If politics often moves at the pace of a hare, the tortoise of political reform efforts is undoubtedly the National Popular Vote initiative, an attempt to neutralize the Electoral College by an interstate compact that would commit states to instruct their electors to vote for the presidential candidate who wins the popular vote. The initiative was in the news this week when it added Colorado to the 11 states (plus the District of Columbia) that had previously signed on:
Gov. Jared Polis (D-Colorado) will sign a bill into law that opts Colorado out of the Electoral College, the governor’s office tells Next with Kyle Clark.
The Democrat-controlled legislature formally approved the measure last week. Under the bill, Colorado’s nine electoral college votes would go to the presidential candidate who wins the national popular vote, rather than the candidate who wins this state….
A law in Colorado would give the nationwide initiative 181 electoral votes. The National Popular Vote compact will not take effect unless 270 electoral votes are guaranteed, meaning more states need to sign on for this to change a presidential election.
Colorado was an obvious candidate for the NPV bandwagon because Democrats gained a governing trifecta there last November. If you wonder why Democrats would be more likely to support a popular vote system, consider the recent alternative history of a country with presidents Al Gore and Hillary Clinton. Another state that “flipped” to total Democratic control last year was Maine. So naturally, there’s an effort there as well to join the NPV compact. This aroused the hostile attention of Maine’s unfortunate gift to right-wing politics, former two-term governor Paul LePage, as Ronn Blitzer reports:
LePage discussed this on WVOM radio station’s “George Hale Ric Tyler Show” on Tuesday. It started off normally enough, with LePage defending the electoral college for allowing states like his to remain relevant in presidential politics …
Then things started to take a turn for the extreme.
“Why don’t we just adopt the constitution of Venezuela and be done with it?” LePage said. “Let’s have a dictator because that’s really what you’re gonna boil down to.”
What would happen if they do what they say they’re gonna do, white people will not have anything to say. It’s only going to be the minorities who would elect. It would be California, Texas, Florida,” he added.
Left-of-center folk have often argued that institutions like the Electoral College, the Senate (especially with the filibuster), and legislative gerrymandering make it possible for a relatively small minority of the population to exert disproportionate power over the country, particularly when all it needs to do is to obstruct change. But conservatives don’t often admit they oppose democracy, much less that they do so on behalf of the racial group that happens to dominate their electorate base. Certainly LePage’s anti-democratic leanings are well-established after he refused to implement a voter-approved Medicaid expansion for over a year.

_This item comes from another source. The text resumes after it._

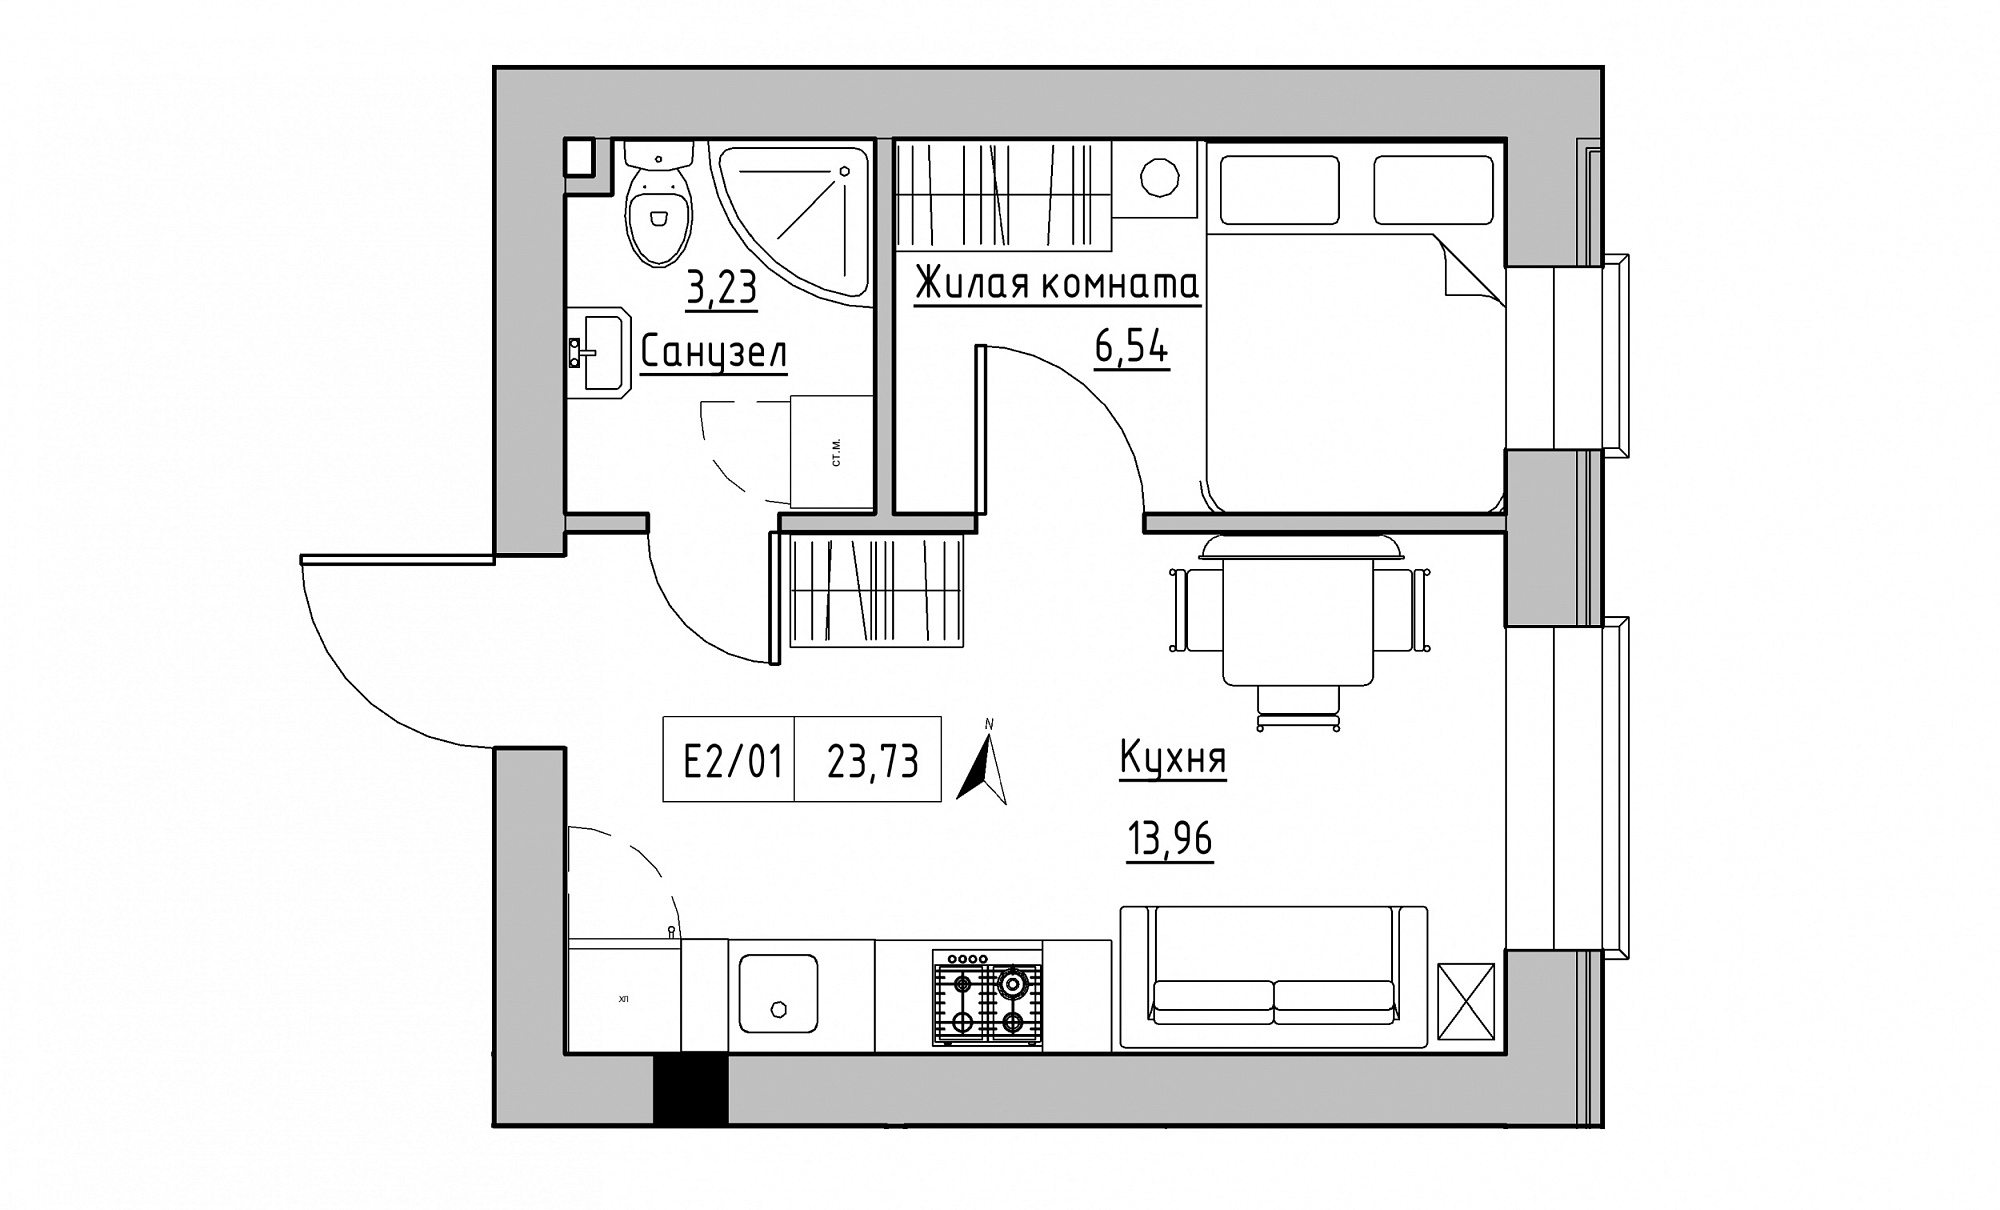 Planning 1-rm flats area 23.73m2, KS-015-01/0007.

Arguably LePage is a has-been; he left office at the end of last year thanks to term limits. But he’s threatening to attempt a comeback against his Democratic successor, Janet Mills, in 2022. And his racialized thundering against the popular vote initiative could help mobilize Republicans against it, though presumably they’ll downplay the white power angle.
The odds of the NPV reaching its goals any time soon are low given the hostility of most Republicans everywhere, who do, after all, still control at least one legislative chamber and/or the governor’s office in 36 states. But LePage has exposed the least reputable argument for keeping things the way they are and thwarting democracy in future as well as past presidential elections.